S. maltophilia, Susceptibility, Cotrimoxazole, Ceftazidime
S. maltophiliais an aerobic, gram-negative bacterium, traditionally considered as an environmental contaminant (increasingly isolated in hospital settings from different sources like haemodialysis water and dialysate samples, contact lens solutions, sink drains, faucets, hand-washing soap , contaminated chlorhexidine-cetrimide topical antiseptic and tap water) and is also known to produce biofilms.1,2 S.maltophilia is a nosocomial pathogen especially in immunocompromised but community acquired S. maltophilia infections in comorbid patients is also reported worldwide.3 A sudden emergence of S.maltophilia as a primary pathogen both in immunocompromised and immunocompetent individuals has raised a serious concern, as it is associated with significant case fatality ratio.4
S. maltophilia is commonly associated with bacteraemia, endocarditis, respiratory tract infections like pneumonia, mastoiditis, peritonitis and exit sign infections in patients undergoing peritoneal dialysis, soft tissue and skin infections, joint infections and Central Nervous System (CNS) infections.5,6 At risk population are patients with immunocompromised states like diabetes mellitus, cancer patients on treatment, patients with indwelling devices. S. maltophilia is an emerging pathogen in patients with cystic fibrosis which unlike Pseudomonas, Burkholderia spp is multidrug resistant.7
This organism has ability to form biofilms on moist surfaces such as respiratory tubing, hospital water plumbing systems, dental suction tubing, Intra Venous (I.V) lines, dialysis equipment, catheters, domestic sink drains, clinical sink drains, and faucets.8 The transmission of S. maltophilia to susceptible individuals may occur through direct contact with the source.9 S. maltophilia can be identified by automated methods like VITEK. Lack of automated systems hampers the early diagnosis leading to prolongation of illness and Intensive Care Unit(ICU) stay.10
Studies from India have shown that 90.9% S. maltophilia were susceptible to colistin and 27.3% susceptible to ceftazidime and minocycline.11
S. maltophilia is primarily isolated in patients in the intensive care unit and need for vasopressors, autoimmune disease, lower P/F ratios and thrombocytopenia were associated with higher mortality.12
We intended to study the clinic-microbiological profile of S. maltophilia isolates from various samples and outcome of the infections in our tertiary healthcare center.

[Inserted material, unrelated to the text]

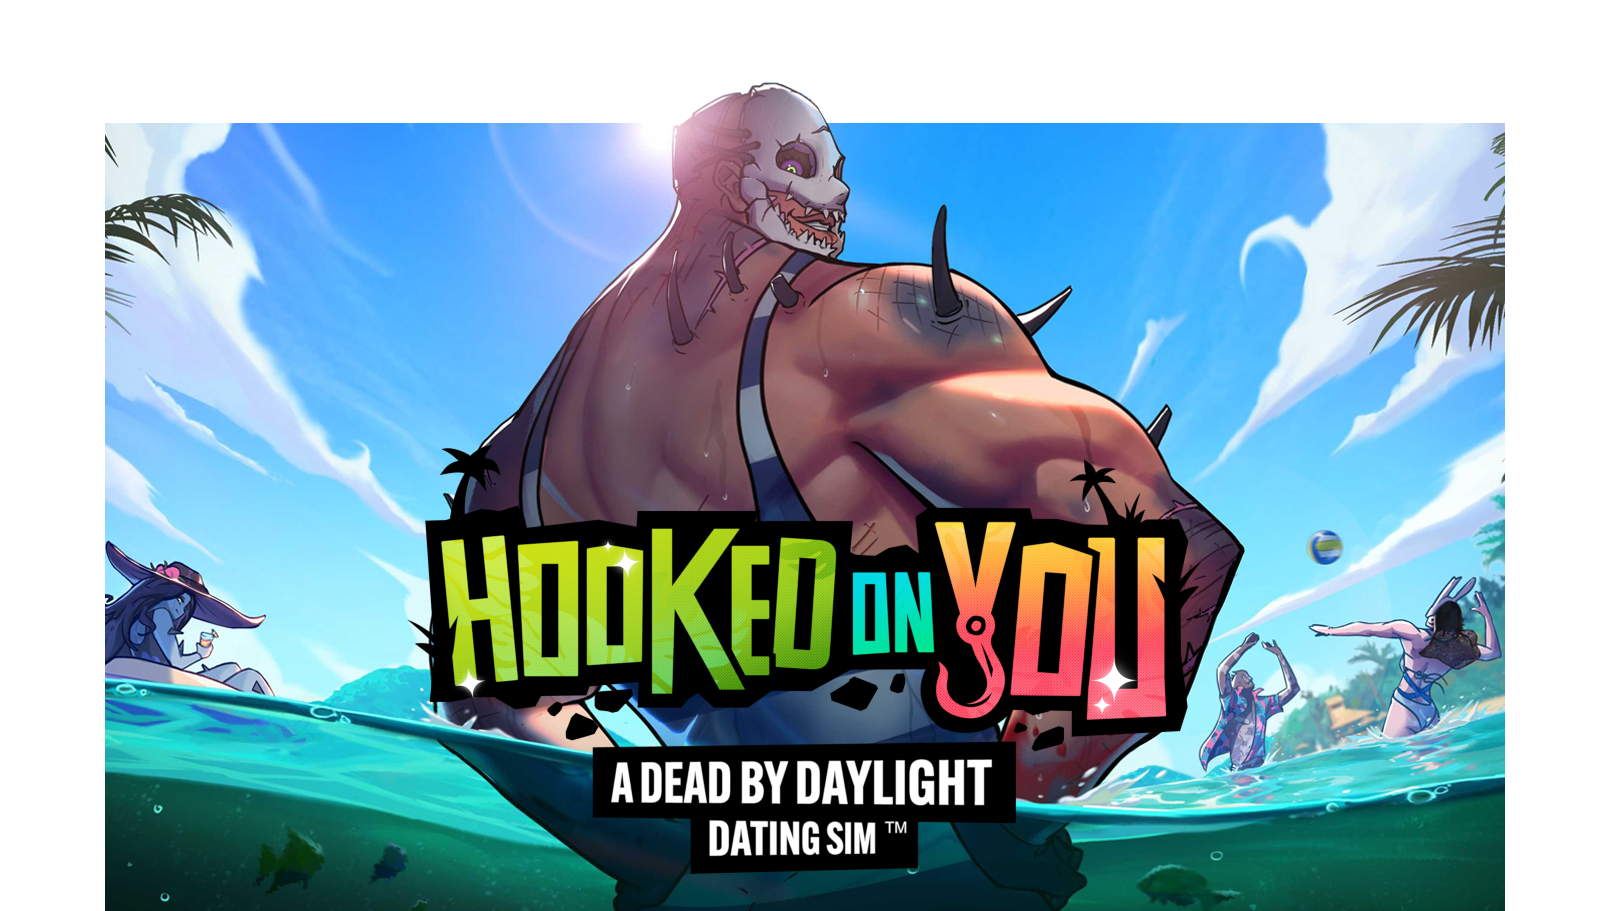 Hooked on You: A Dead by Daylight Dating Sim - Official Launch Trailer

This is an observational and cross-sectional study which was carried out at Department of Microbiology of a tertiary care centre in Pune, India between 01 Jan 2021 till 30 Jun 2022. Ethical committee approval was obtained from the institution. All cases found positive for S. maltophiliawere included in the study and samples with mixed type of growth were excluded. Sample collection was done as per standard protocol and was transported immediately to the laboratory. Sample collection was done only once per patient.
All samples (except blood and urine) were inoculated on Blood agar and MacConkey agar where as urine samples were inoculated on Cysteine Lactose Electrolyte Deficient agar and blood was inoculated in BACT/Alert blood culture bottles and all the samples were incubated at 35-37°C. Isolates were identified using Matrix assisted Laser Desorption/ionization- time of fight(MALDI-TOF), Mass spectrometry (MS) or VITEK 2 Compact. Antimicrobial susceptibility testing was performed as per Clinical Laboratory Standards Institute (CLSI) guidelines M100 31st and 32nd edition.

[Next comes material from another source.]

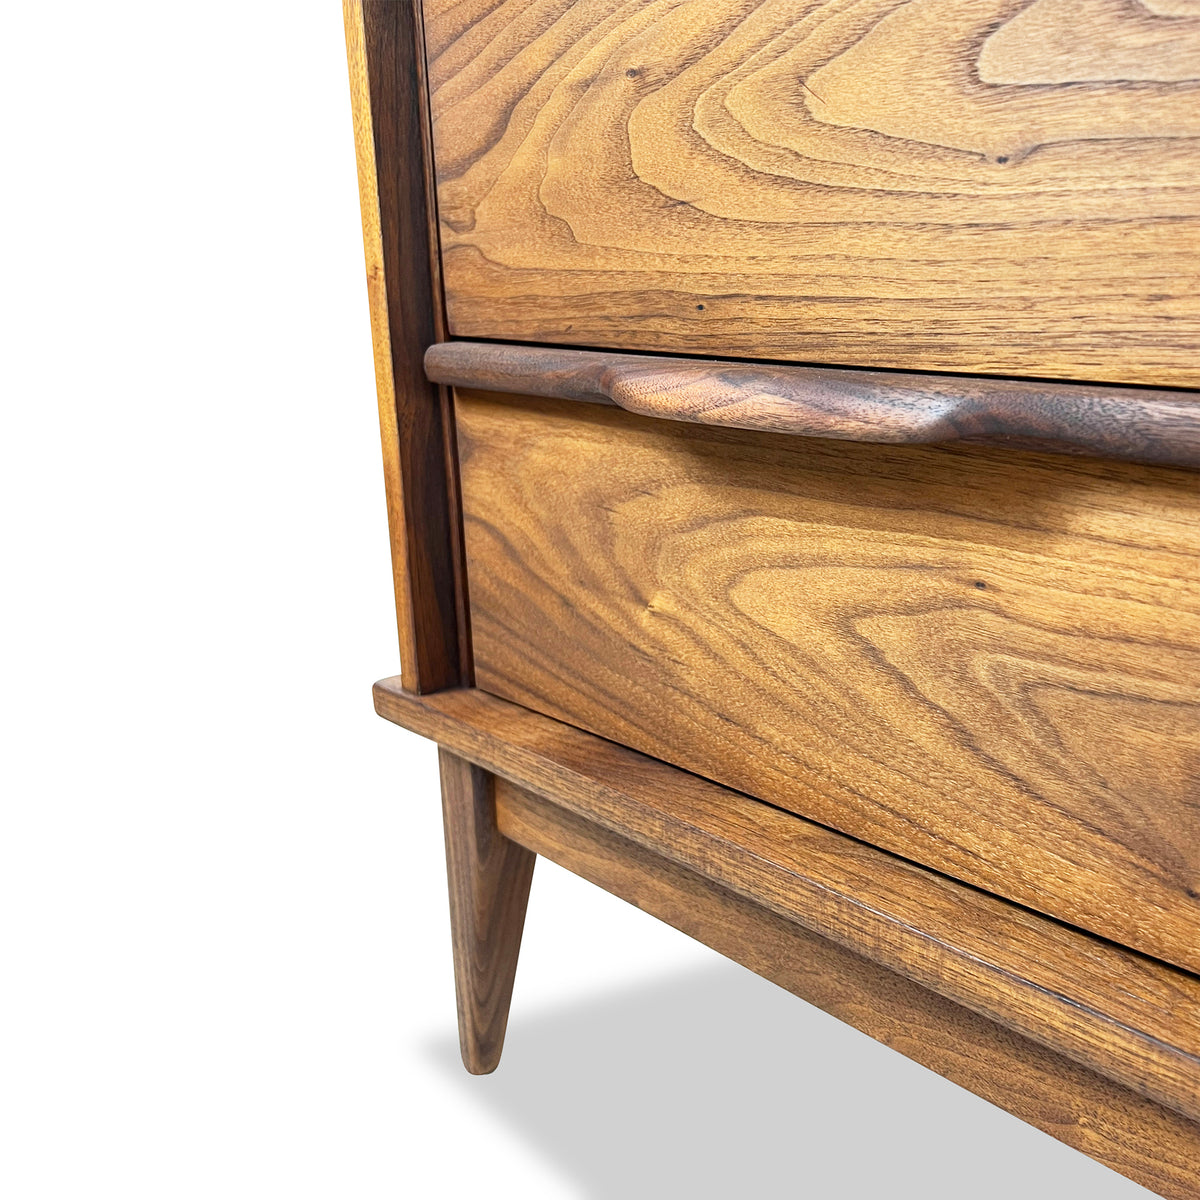 Walnut Nightstands by Princeville

MALDI-TOF MS identification
Strains were identified by MALDI-TOF MS principle using the VITEK MS (bioMיrieux SA, France). Isolates were smeared onto the sample spots on the target slide and 1µL VITEK MS-CHCA matrix was applied over the sample and air dried till both the matrix and sample co-crystallized. The target slide was loaded into the VITEK MS system to acquire the mass spectra and data was compared with known mass spectra contained in the database.
Staphylococcus aureus ATCC 25923 and Escherichia coli ATCC 25922 were used as the quality control strain.

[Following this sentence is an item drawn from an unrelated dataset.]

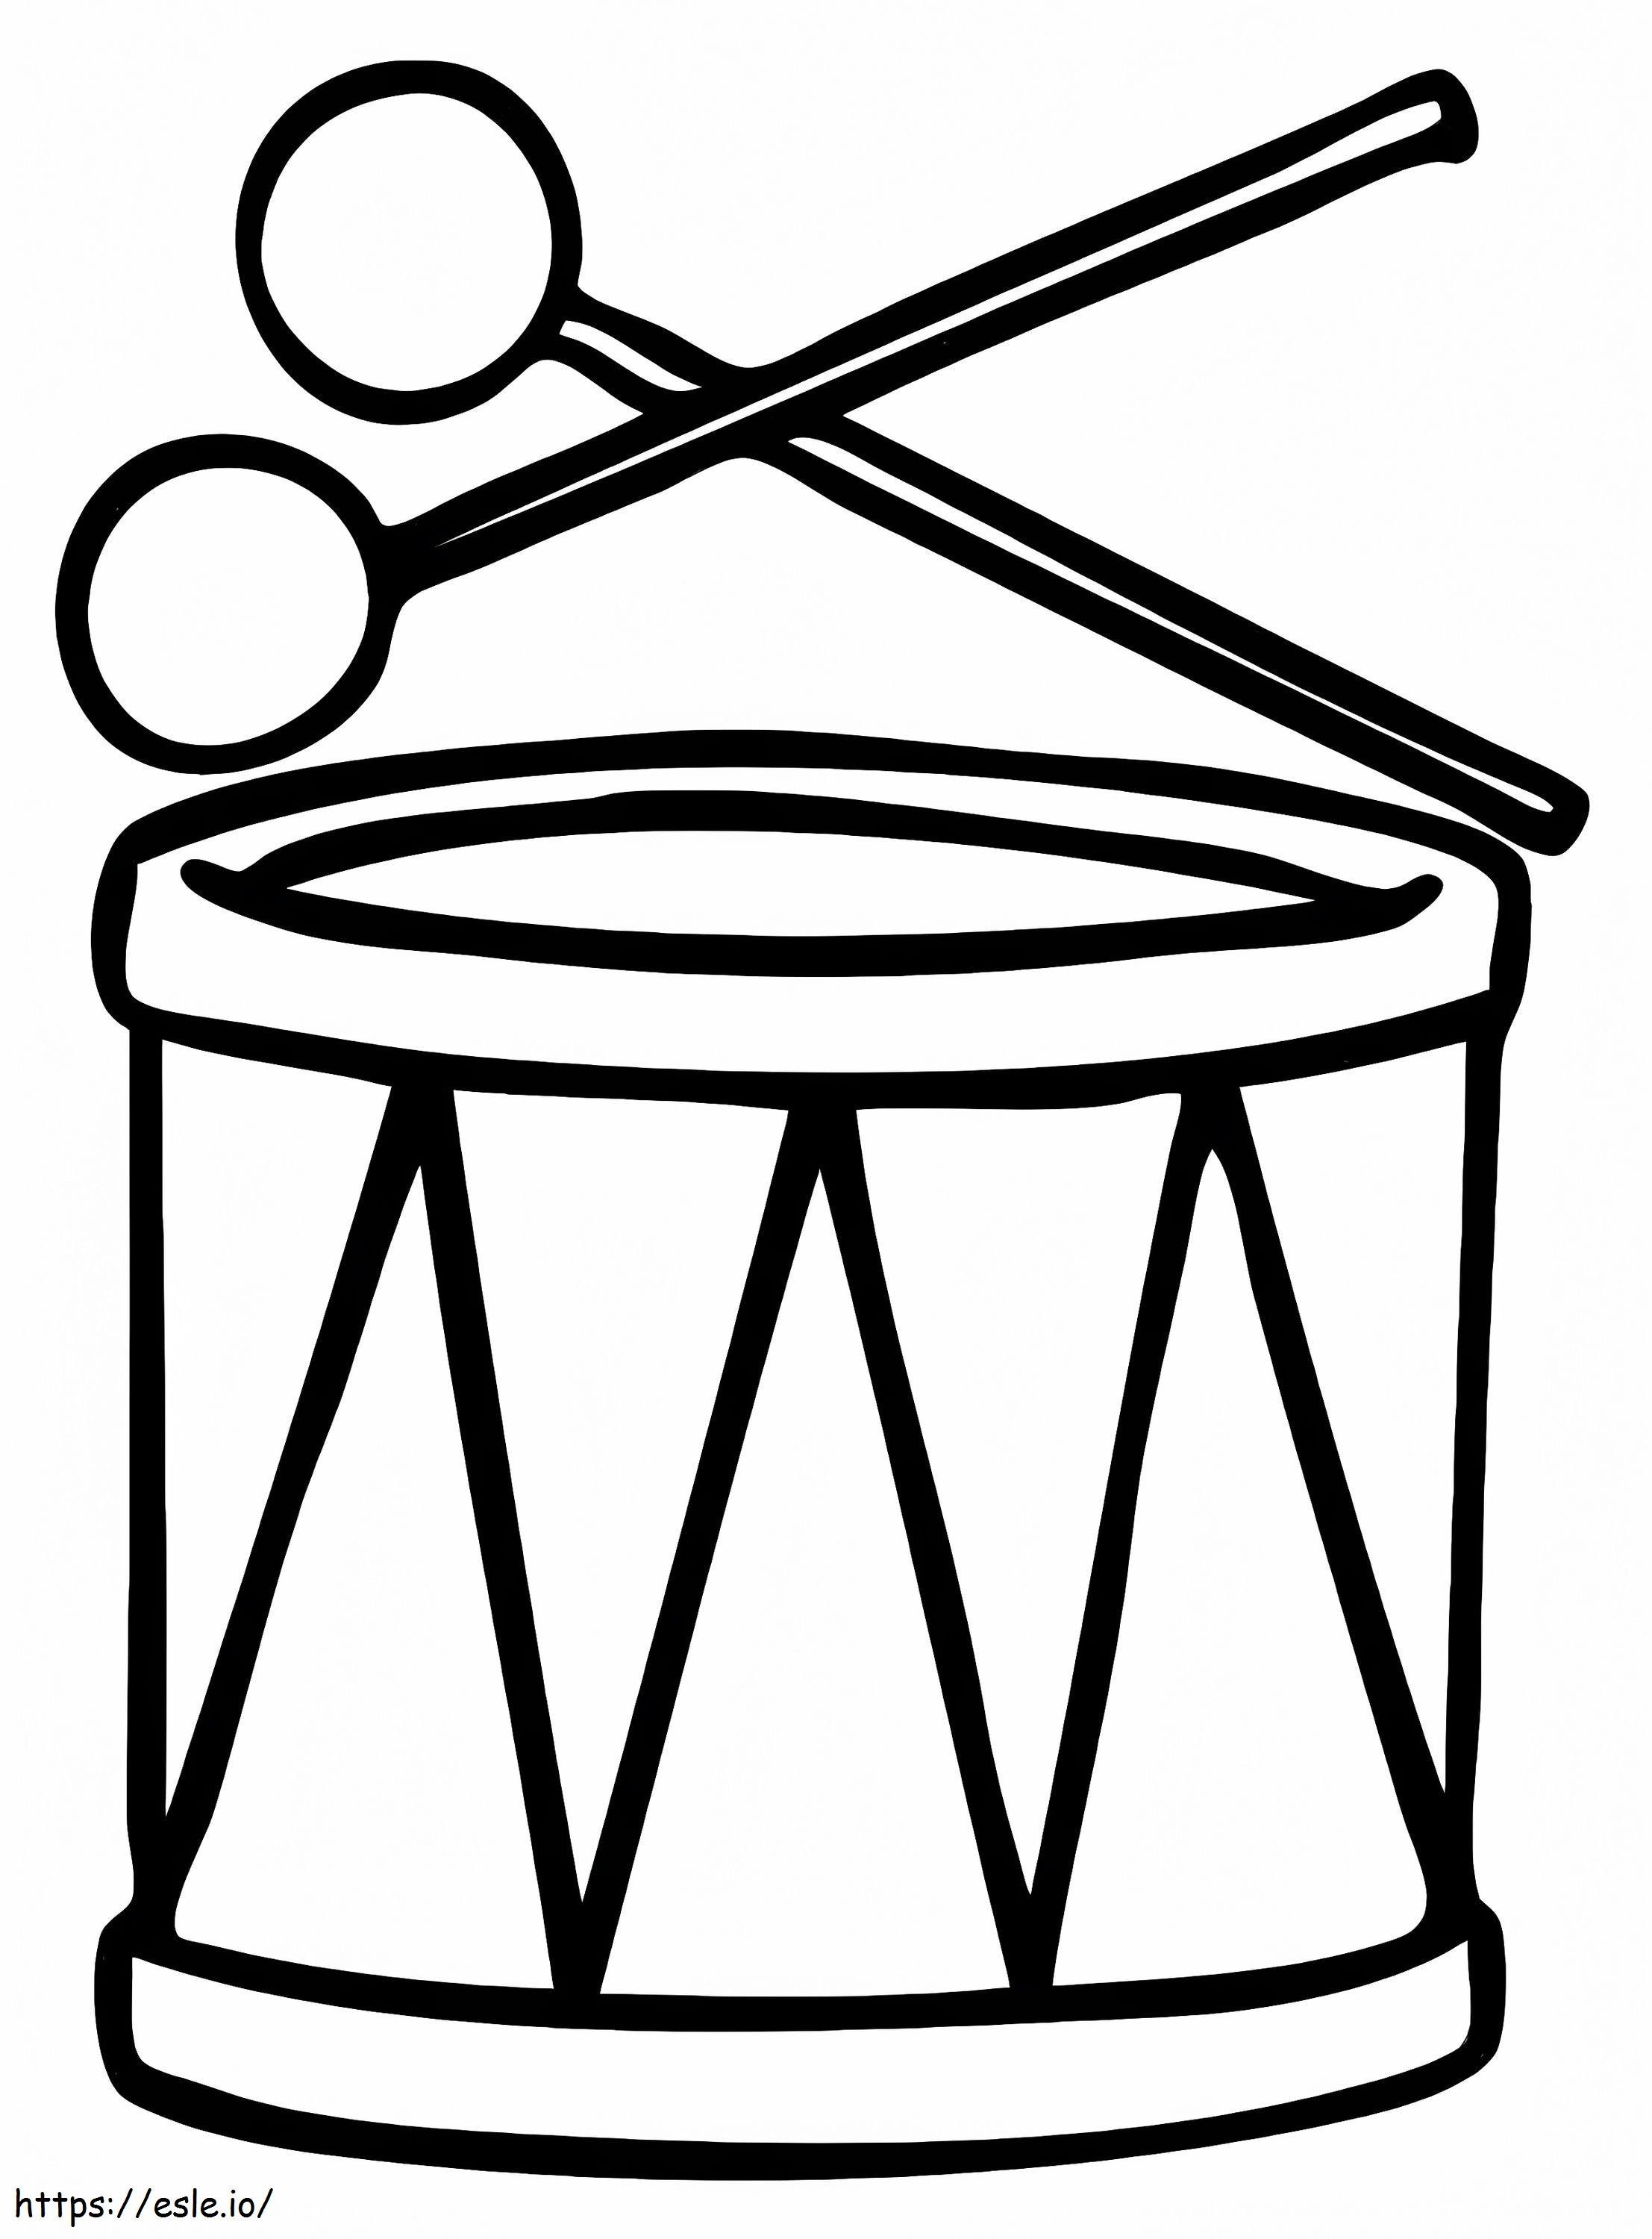 Normal Drum coloring page

VITEK 2 susceptibility testing
The isolates were subjected to Antimicrobial susceptibility testing using VITEK 2 (bioMerieux SA, France). The cards used were GN AST 280 and 281. Escherichia coli ATCC 25922 and Pseudomonas aeruginosa ATCC 27853 were used as the quality control strain. Quality controls of all the bacteriological AST procedures are carried out on a weekly cycle.
Statistical analysis
Data was tabulated and analyzed using software Open Epi version 3.01 and Statistical Package for Social Sciences (SPSS) version 22. Categorical data have been presented as numbers and percentages (%) and quantitative data in terms of mean and standard deviation. Categorical variables have been analysed using Pearson’s chi-square test and Fisher exact tests (when the expected count of 20% of cells is less than 5). A p value of <0.05 has been considered as statistically significant.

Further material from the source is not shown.